This was a very interesting book. It is about a Girl galled Glory. She does a lot of thinking, and takes photos. This book is also about a dystopian future, often flashing forward into her future and how she will change the world. She has the ability to see into people's past and futures, which affects her greatly. A big part of this book is about how in the future in this book, males and females are separated. Females are stronger. She meets someone and reads their future, seeing a girl and him, changing the world, not aware that it is her.

e
ella_3
Nov 27, 2016

Glory O'Brien is a girl who drinks a bat with her friend, and can now see into the future and the past. When she looks at someone, she gets a transmission about their past and future. What she thinks will happen in the future is crazy. There is a big civil war, and many other world wars. She has to deal with this, along with her mother's suicide.
Glory is very misunderstood. She only has 1 friend , Ellie, but she has some issues. People at school think of her as the mysterious girl with the camera. Glory loves taking photos, and spends time in her mother's photo lab. She finds some weird things there, and finds out more about her own family's history.
This books was really interesting, and it makes you think more about the world. I highly recommend this book!

samcmar Jul 21, 2016

Glory O'Brien is this generation's Daria, and for that I am grateful. Very seldom in YA do we encounter a true misanthrope, one who makes the decisions to disengage from people. Glory is methodical, moody, and someone who is completely misunderstood. Often regarded as hateful or selfish, Glory is an unforgettable character who's voice is difficult to mesh with on purpose. Personally, I like a challenge and I feel like Glory was a character whom I share some similarity with, but not so much when I was a teen -- but as the adult I am today.

Giving yourself to people is hard, especially in this day in age where its so easy to manipulate and hurt others within this vastly socially connected world. It's so much easier to be judgemental as it is to be open-minded. After Glory and her friend, Ellie ingest bat ashes they are given transmissions of people's lives and a supposed "history of the future." Interestingly, you have one girl who believes truth in these transmissions and another who gets the sense that she's merely tripping on bat ashes and that every vision they see is completely bogus.

King once again crafts so amazing and well thought out characters. Although Glory's mother had commit suicide when she was four, Darla O'Brien is very much a character in this narrative, and one that haunts throughout. Furthermore we have Ellie who is a terrible, self-absorbed friend and who brings out the worst in others around her and yet she is a completely sympathetic character because she's surprisingly genuine despite her flaws. I actually loved all the characters in this book, and Glory is going to be a character I feel who is going to be quite hit-or-miss with a lot of readers because of her personality, which is quite extreme. I loved the use of feminism in this book as well, as it wasn't afraid to explore a variety of issues not often magnified under the lens. Some of the "histories" that Glory recorded were frightening, though sometimes even extreme or ridiculous and yet I always found myself wanting to know more.

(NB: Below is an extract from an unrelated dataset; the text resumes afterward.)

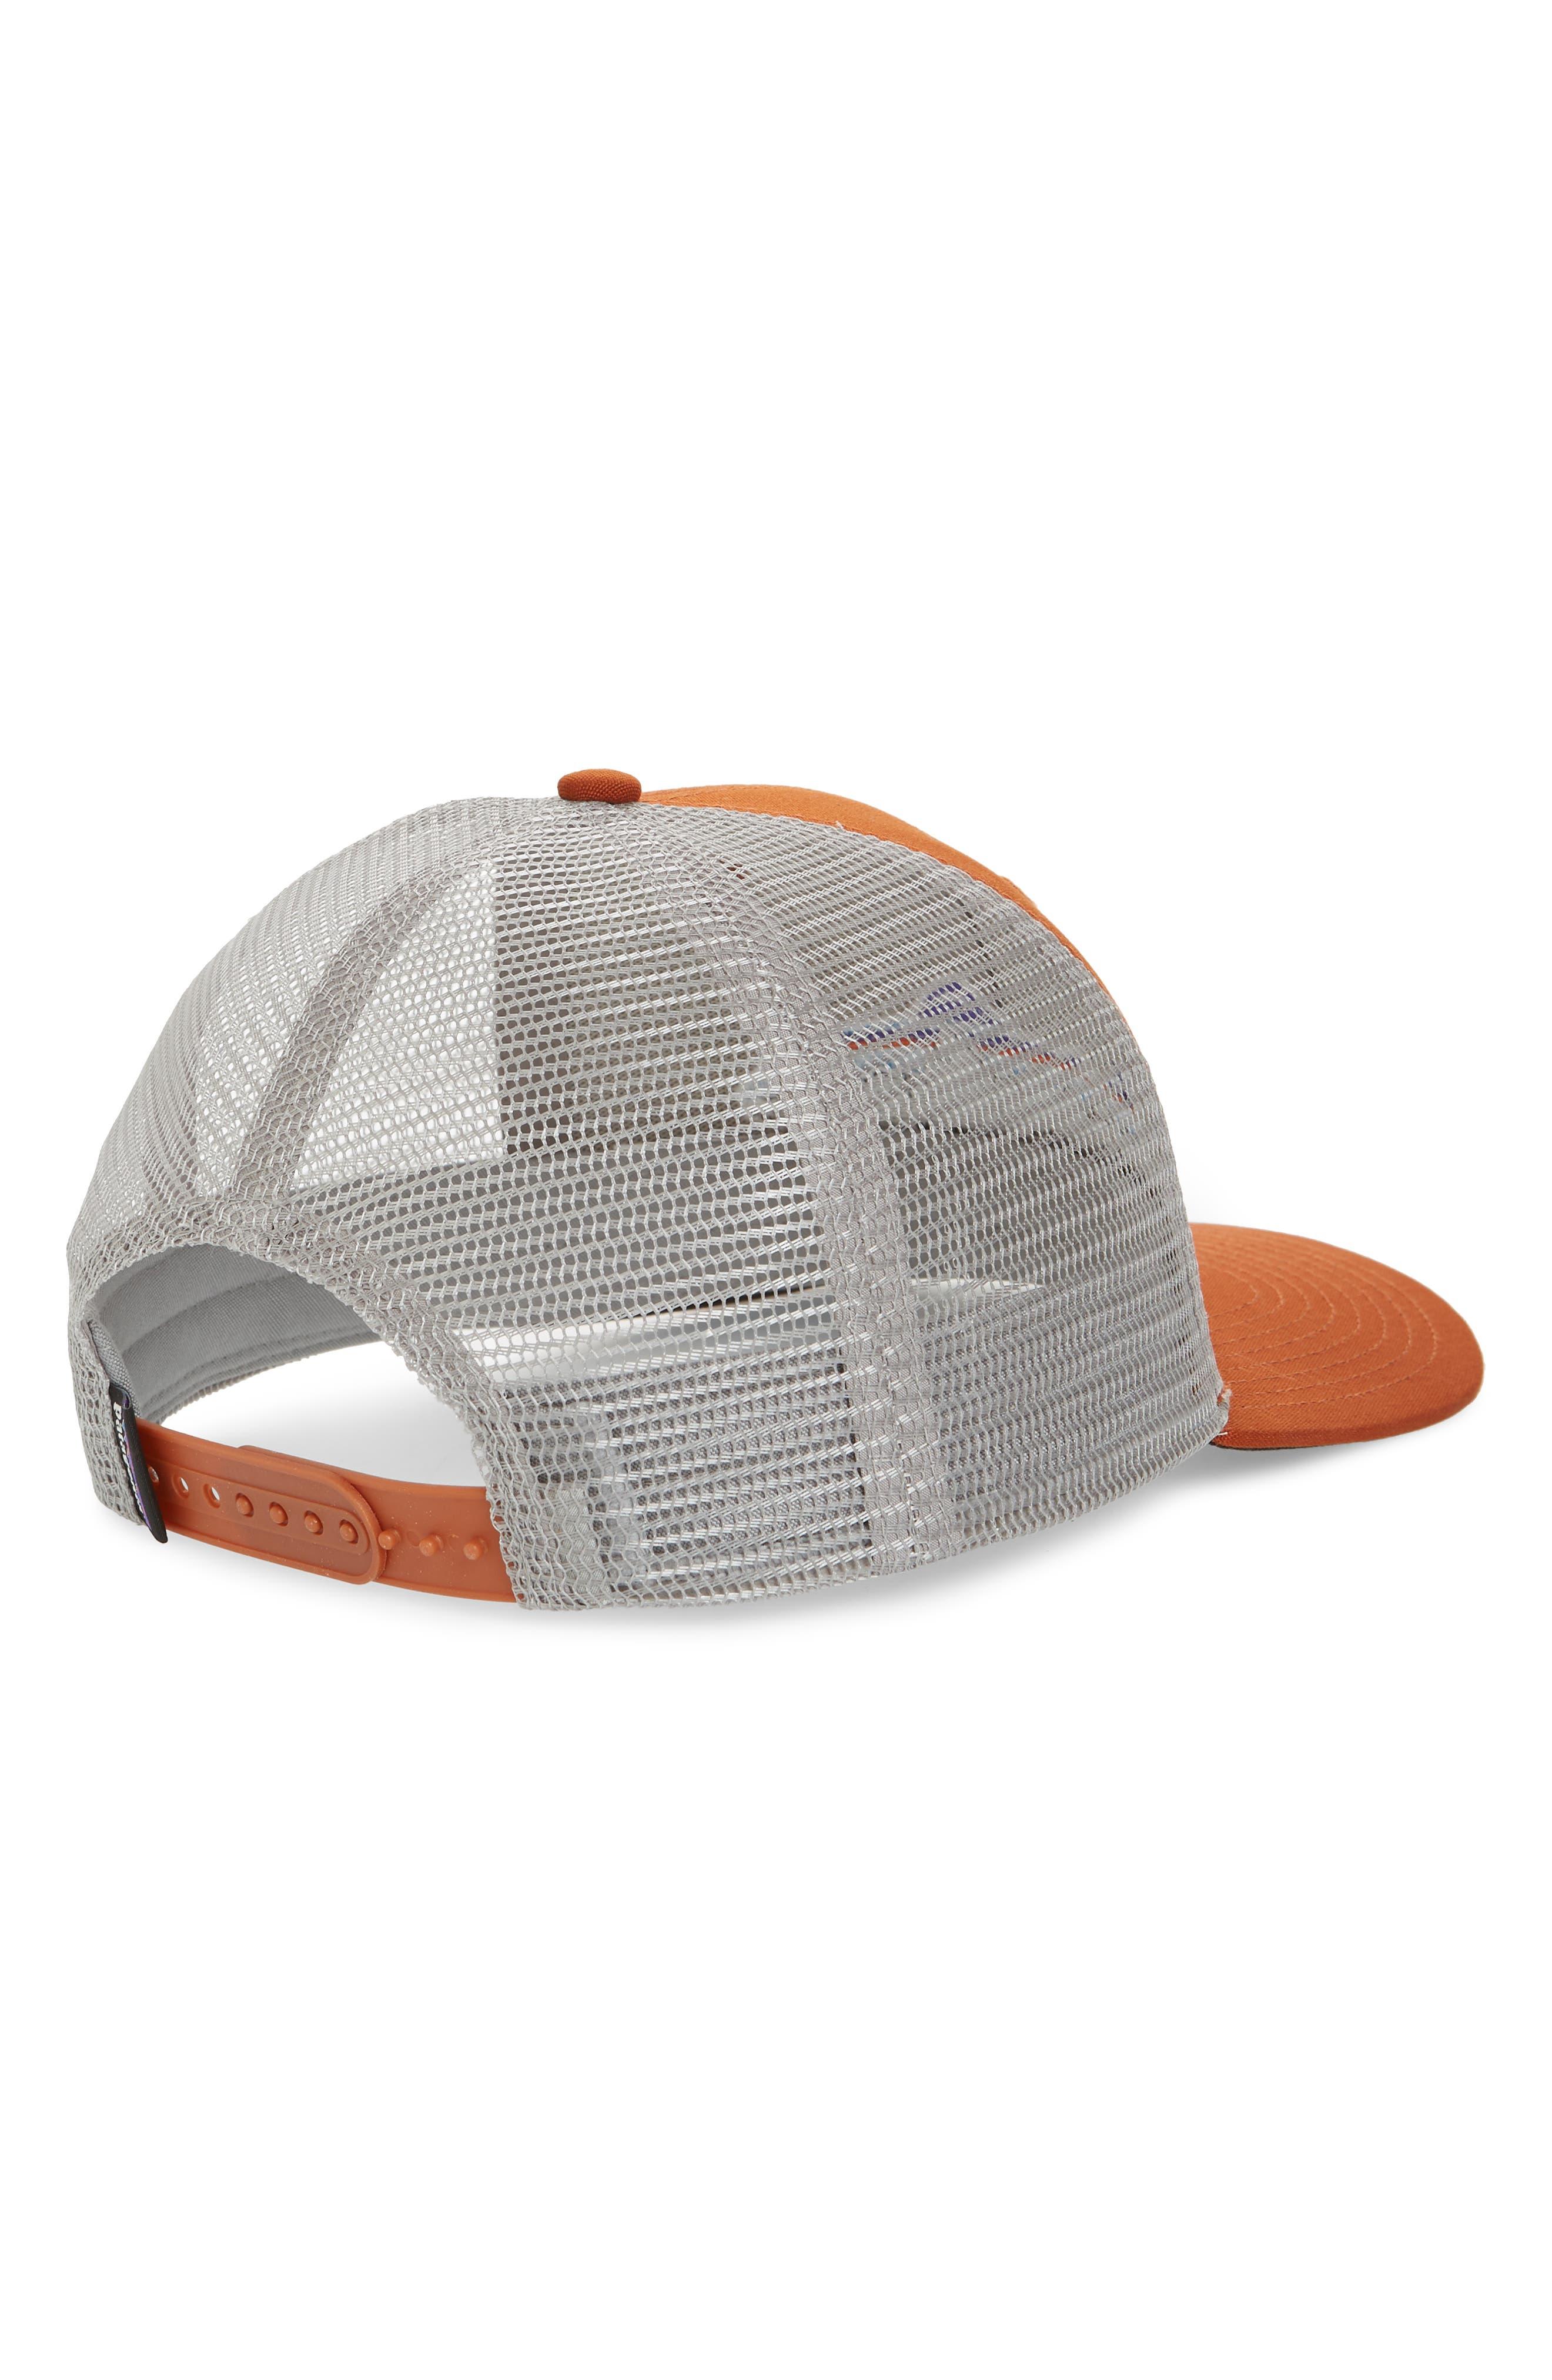 'Fitz Roy - Trout' Trucker Hat,                             Alternate thumbnail 2, color,                             Copper Ore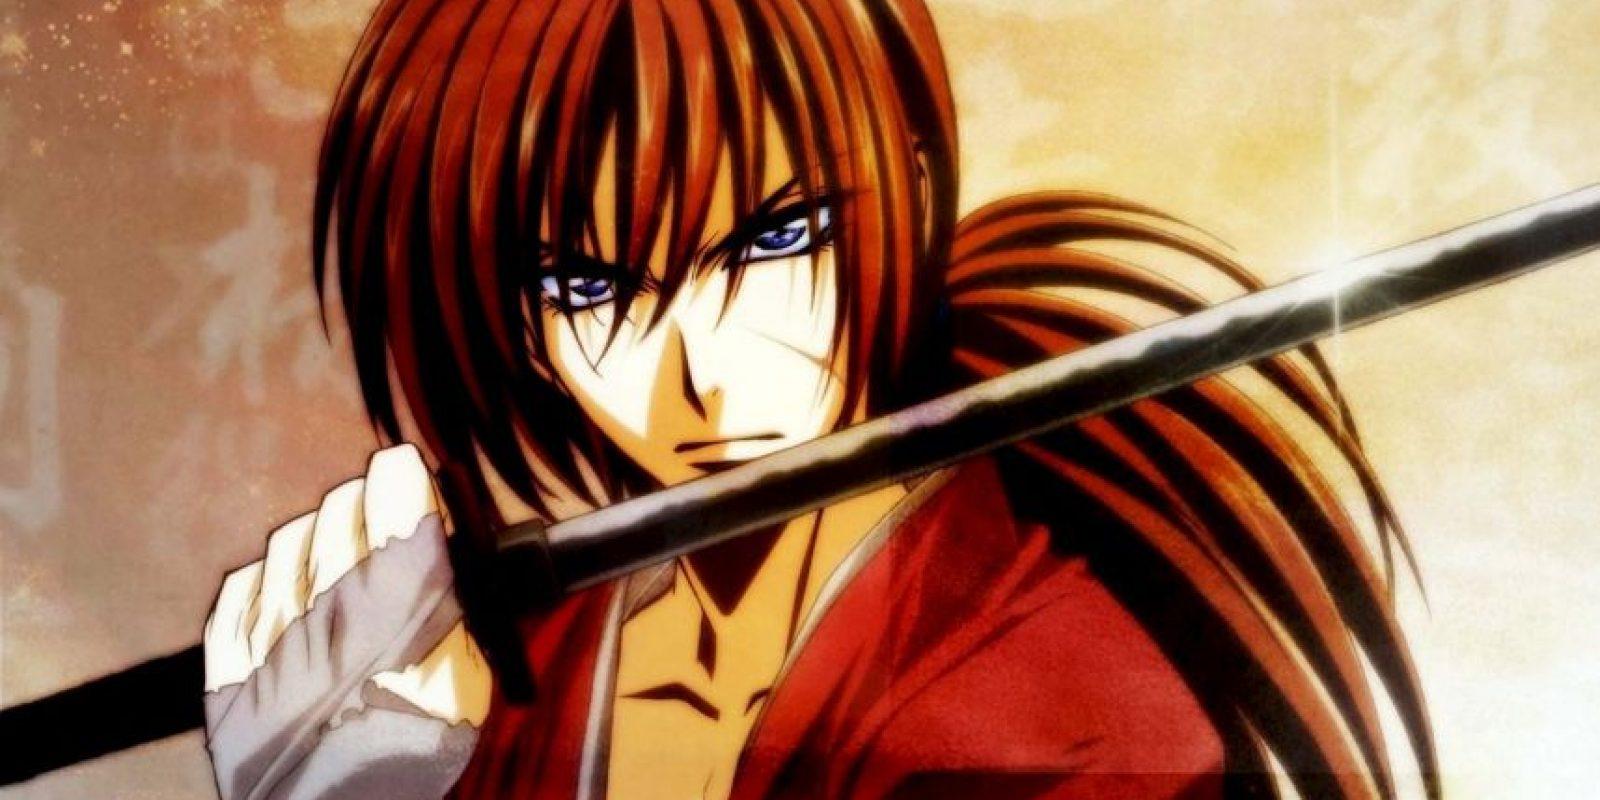 La fecha de nacimiento de Kenshin es el 20 de junio de 1849. Foto:vía Fuji Tv

I don't want to spoil much else about this book, but it's quite fantastic and those who love King's work will likely enjoy this book. However, I don't recommend this be someone's first A.S King book considering her style and I think for some readers Glory might be off=putting. If you're looking for where to start with A.S King's books, I always recommend Everybody Sees the Ants as a good introduction. If you like her books and tough issues, then definitely then read this one.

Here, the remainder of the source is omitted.